Available data:
- Opening Delimiter -
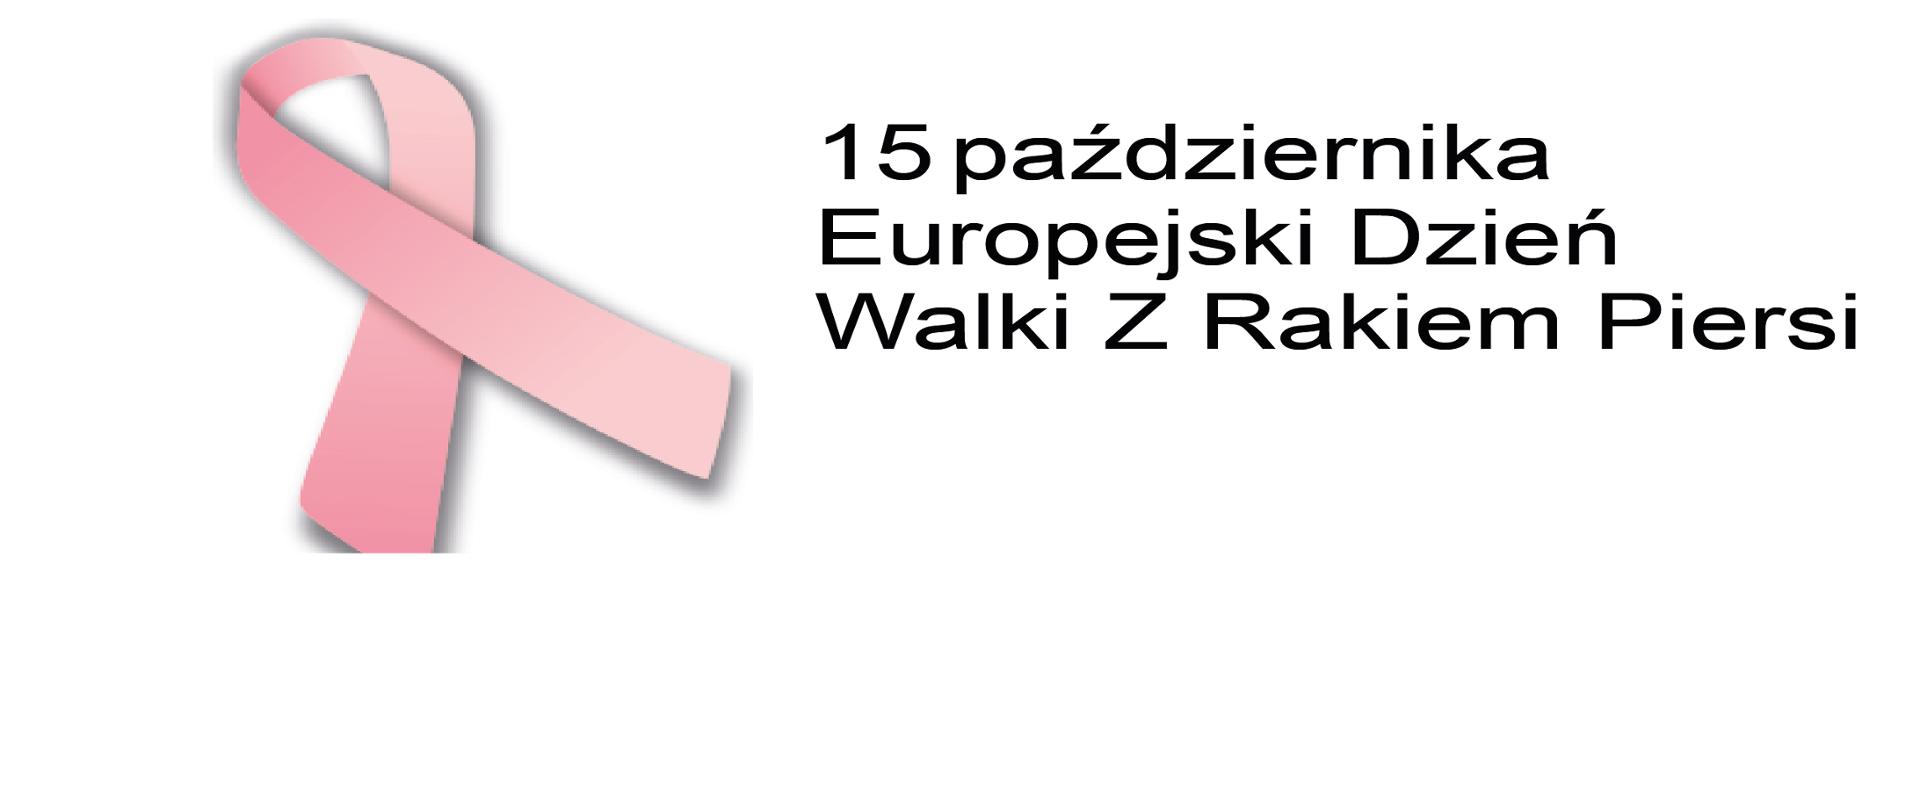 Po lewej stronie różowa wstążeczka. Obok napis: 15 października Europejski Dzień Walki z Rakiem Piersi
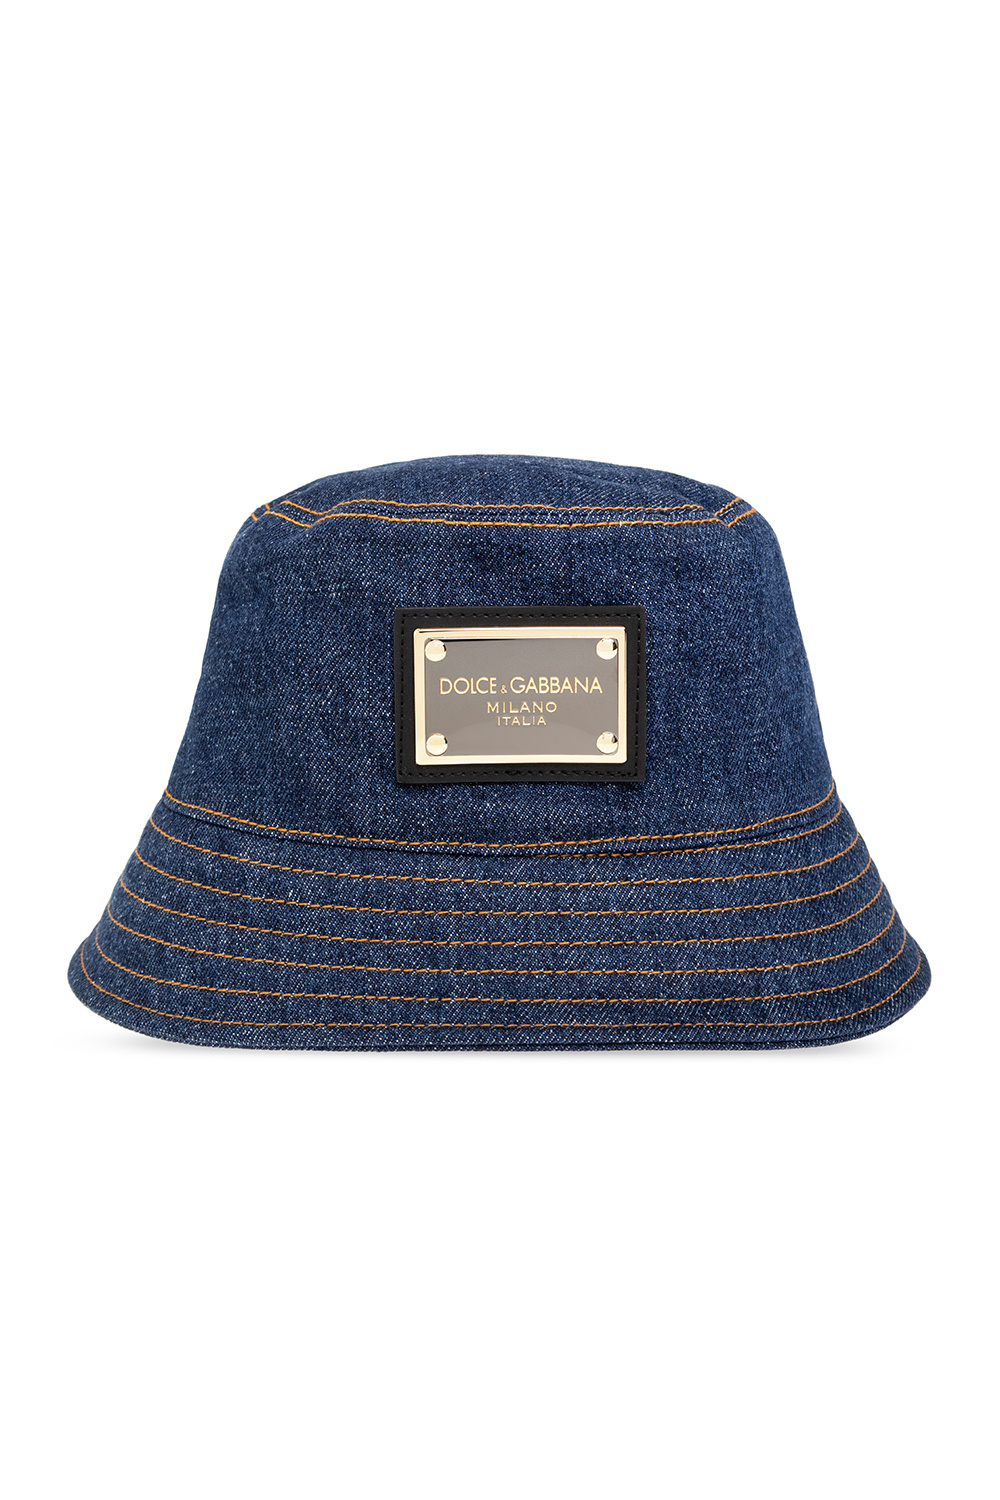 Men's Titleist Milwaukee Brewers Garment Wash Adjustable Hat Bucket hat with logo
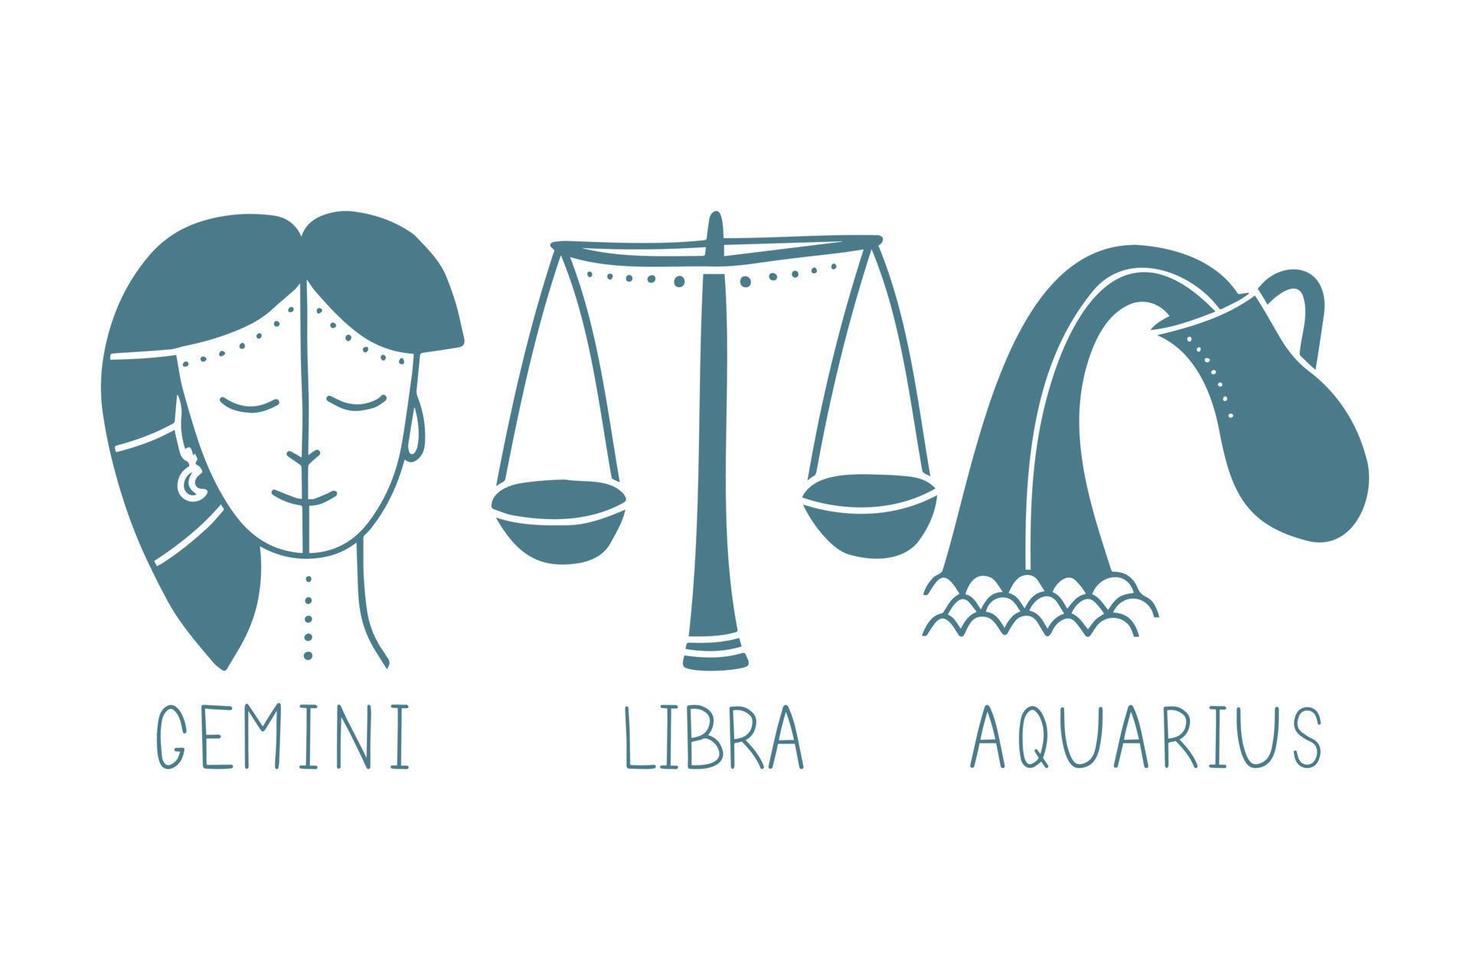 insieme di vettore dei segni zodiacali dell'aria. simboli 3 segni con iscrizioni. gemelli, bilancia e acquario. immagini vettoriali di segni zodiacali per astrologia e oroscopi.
- Closing Delimiter -
What is needed:
Where the material contains pictures, leave them out and copy the rest verbatim.

Exercise solution:
 Po lewej stronie różowa wstążeczka. Obok napis: 15 października Europejski Dzień Walki z Rakiem Piersi
 Men's Titleist Milwaukee Brewers Garment Wash Adjustable Hat Bucket hat with logo
 insieme di vettore dei segni zodiacali dell'aria. simboli 3 segni con iscrizioni. gemelli, bilancia e acquario. immagini vettoriali di segni zodiacali per astrologia e oroscopi.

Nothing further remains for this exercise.